The government talked of 'national unity in mourning' and tried to disconnect the disaster from the army's presence in Lebanon ('accidents can happen everywhere'). But they could not hide that the soldiers had been transported by air because guerrilla activities had made ground convoys in Lebanon too dangerous; that the helicopters had to travel at night with their lights extinguished due to the danger of Hizbullah anti-aircraft missiles; and that this flying in the dark was the direct cause of the fatal collision.

It was the Helicopter Disaster which pushed four women -- all of them mothers of soldiers serving in Lebanon, and all living at communities along the north border for whose sake the army was supposedly fighting in Lebanon -- to write to Knesset Members and urge them to get the army out of Lebanon. Without intending it, the four -- none of whom had been politically active previously -- found themselves at the head of a new grassroots movement, which took up where Parents Against Silence left off eleven years previously.

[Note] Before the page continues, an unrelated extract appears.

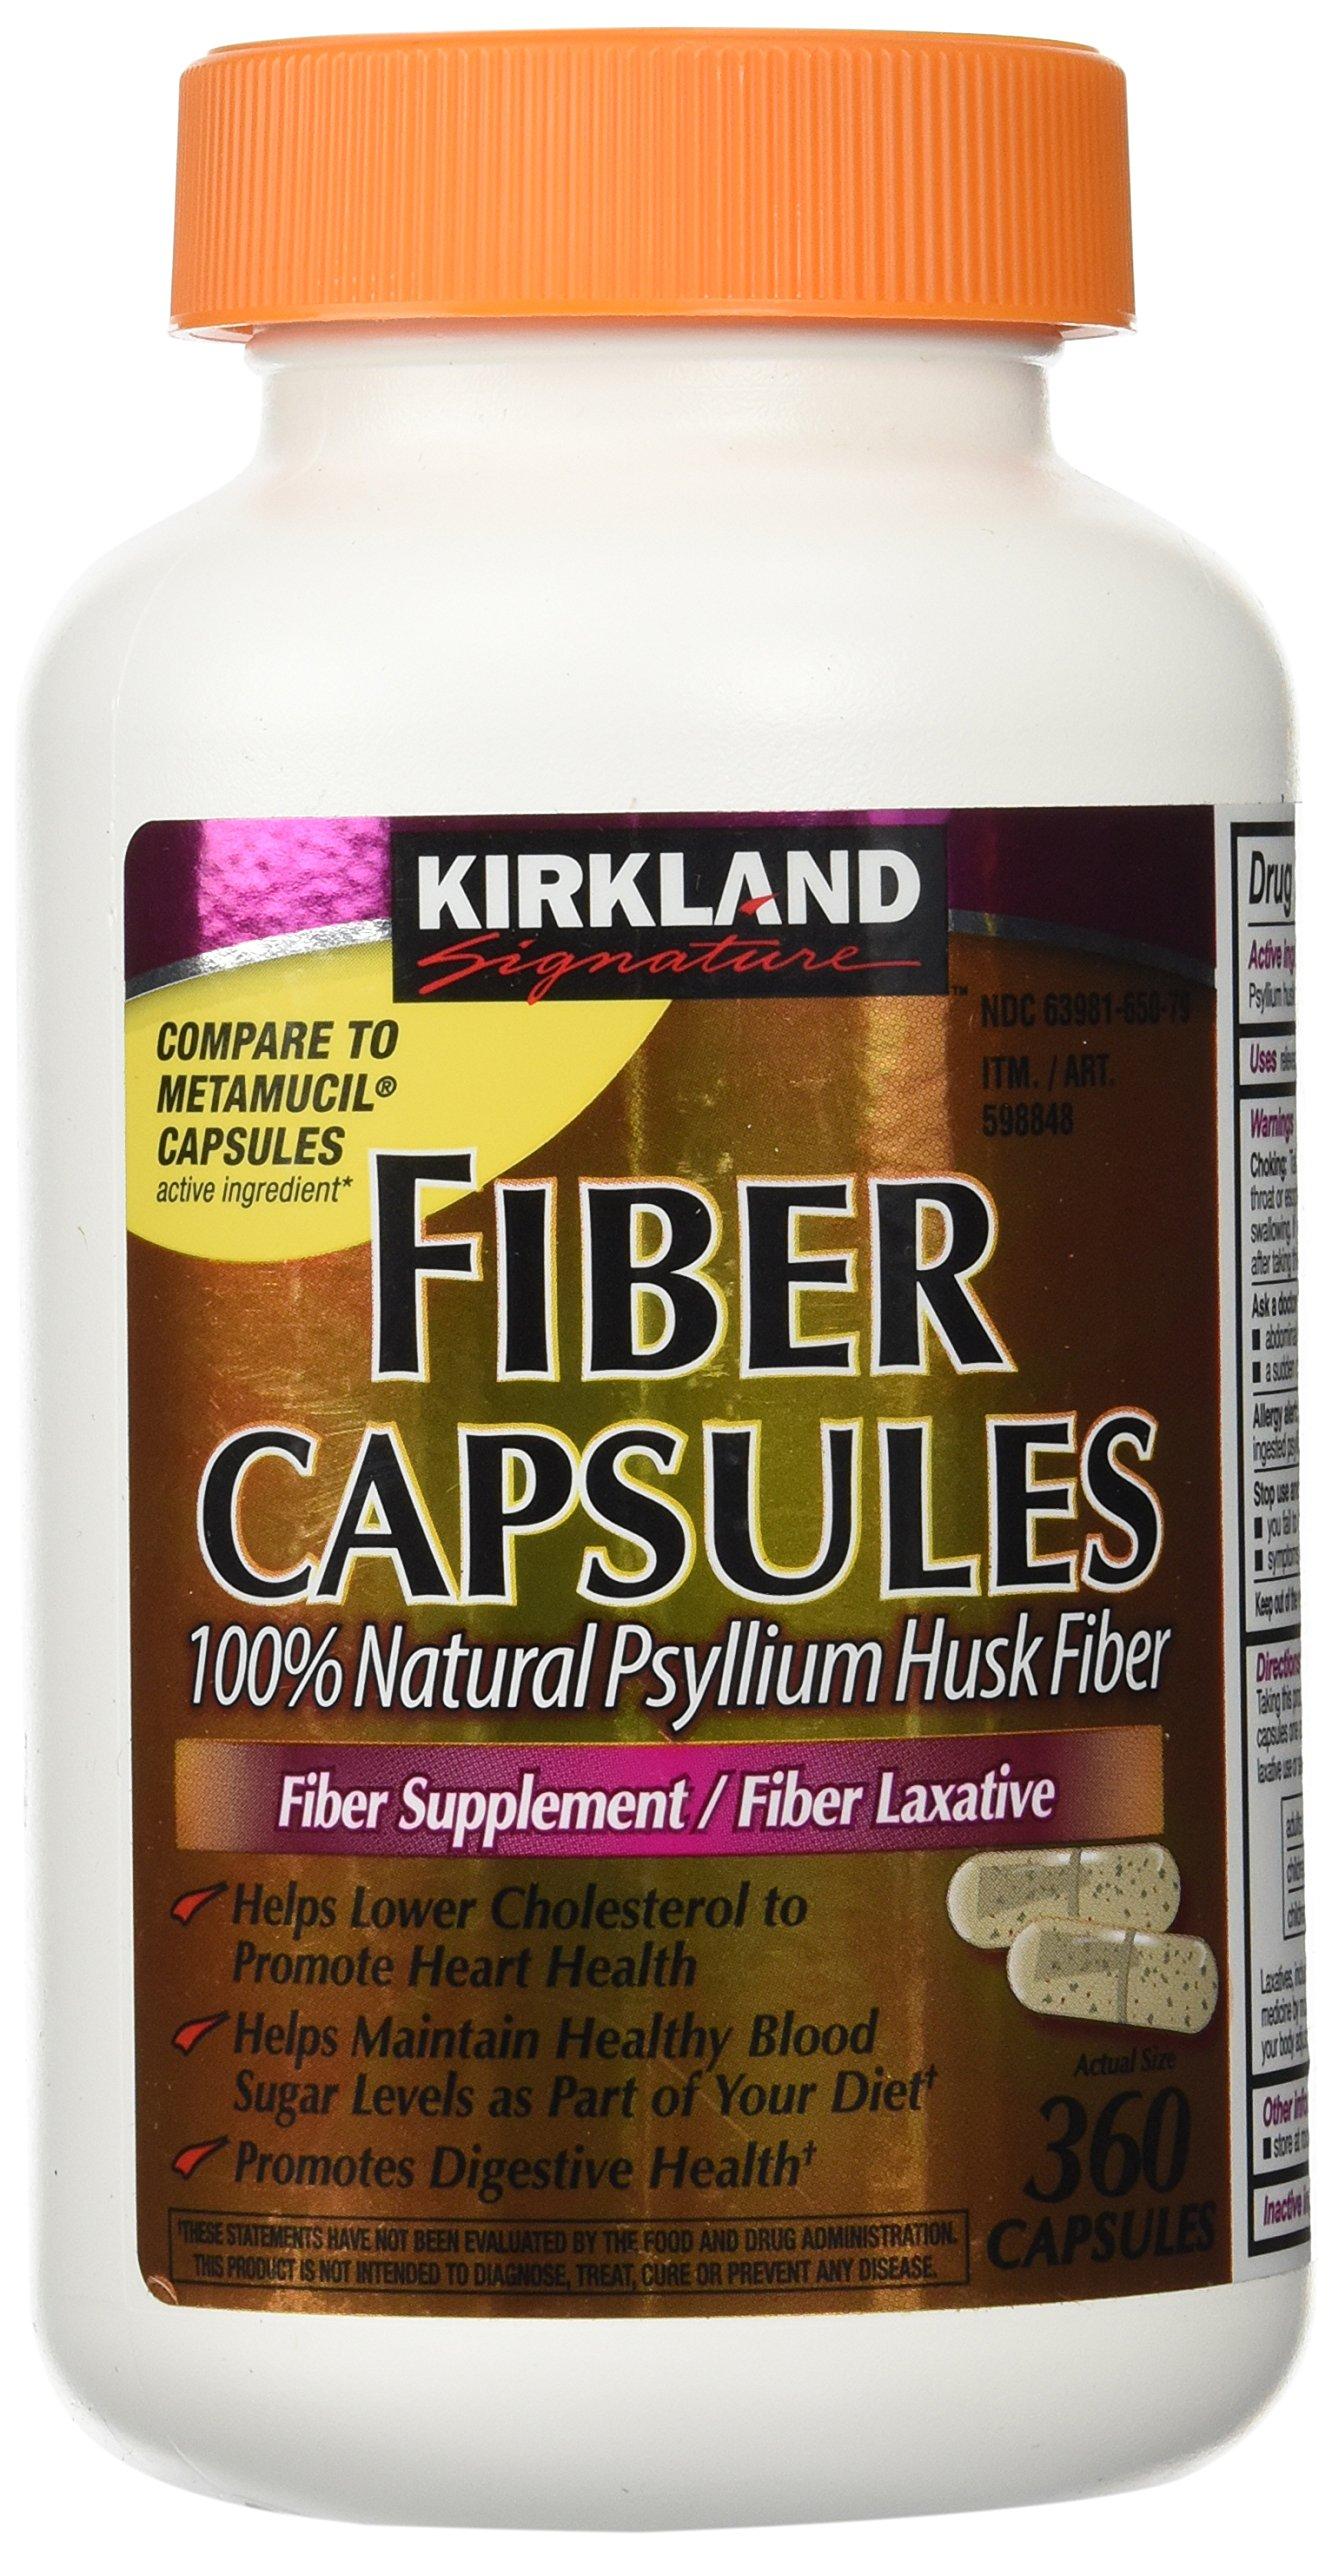 Fiber Capsules Kirkland Therapy for Regularity/Fiber Supplement, 360 capsules - Compare to the Active Ingredient in Metamucil Capsules

Their first newspaper interview, in a kibbutz movement weekly, was entitled Four Mothers -- a name reminiscent of the Four Matriarchs of Jewish tradition. That soon became the new movement's official name -- a name made familiar in newspaper headlines and extensive TV prime time coverage, and retained also when the new movement became a general organization aimed at all female and male supporters of quitting Lebanon (see TOI-79/80, p.18). Tens of thousands signed their petitions, and among the participants in their demonstrations appeared many of the bereaved parents left by two decades of fighting in Lebanon -- people who had never before been in a peace demonstration.
Politicians throughout the spectrum soon came to treat the new movement as a substantial political force -- and to regard withdrawal from Lebanon as a powerful new popular cause. In particular, Labor's Yossi Beilin soon made himself identified with that cause, setting up a parallel movement known as Leaving Lebanon in Peace which published detailed military and diplomatic blueprints for the withdrawal, arranged a public 'withdrawal simulation game' and engaged in 'alternative diplomacy' of numerous meetings with high ranking foreign diplomats (reportedly including Lebanese ones). For their part, the Mothers agreed to cooperate with Beilin -- yet took care not to be taken over by him.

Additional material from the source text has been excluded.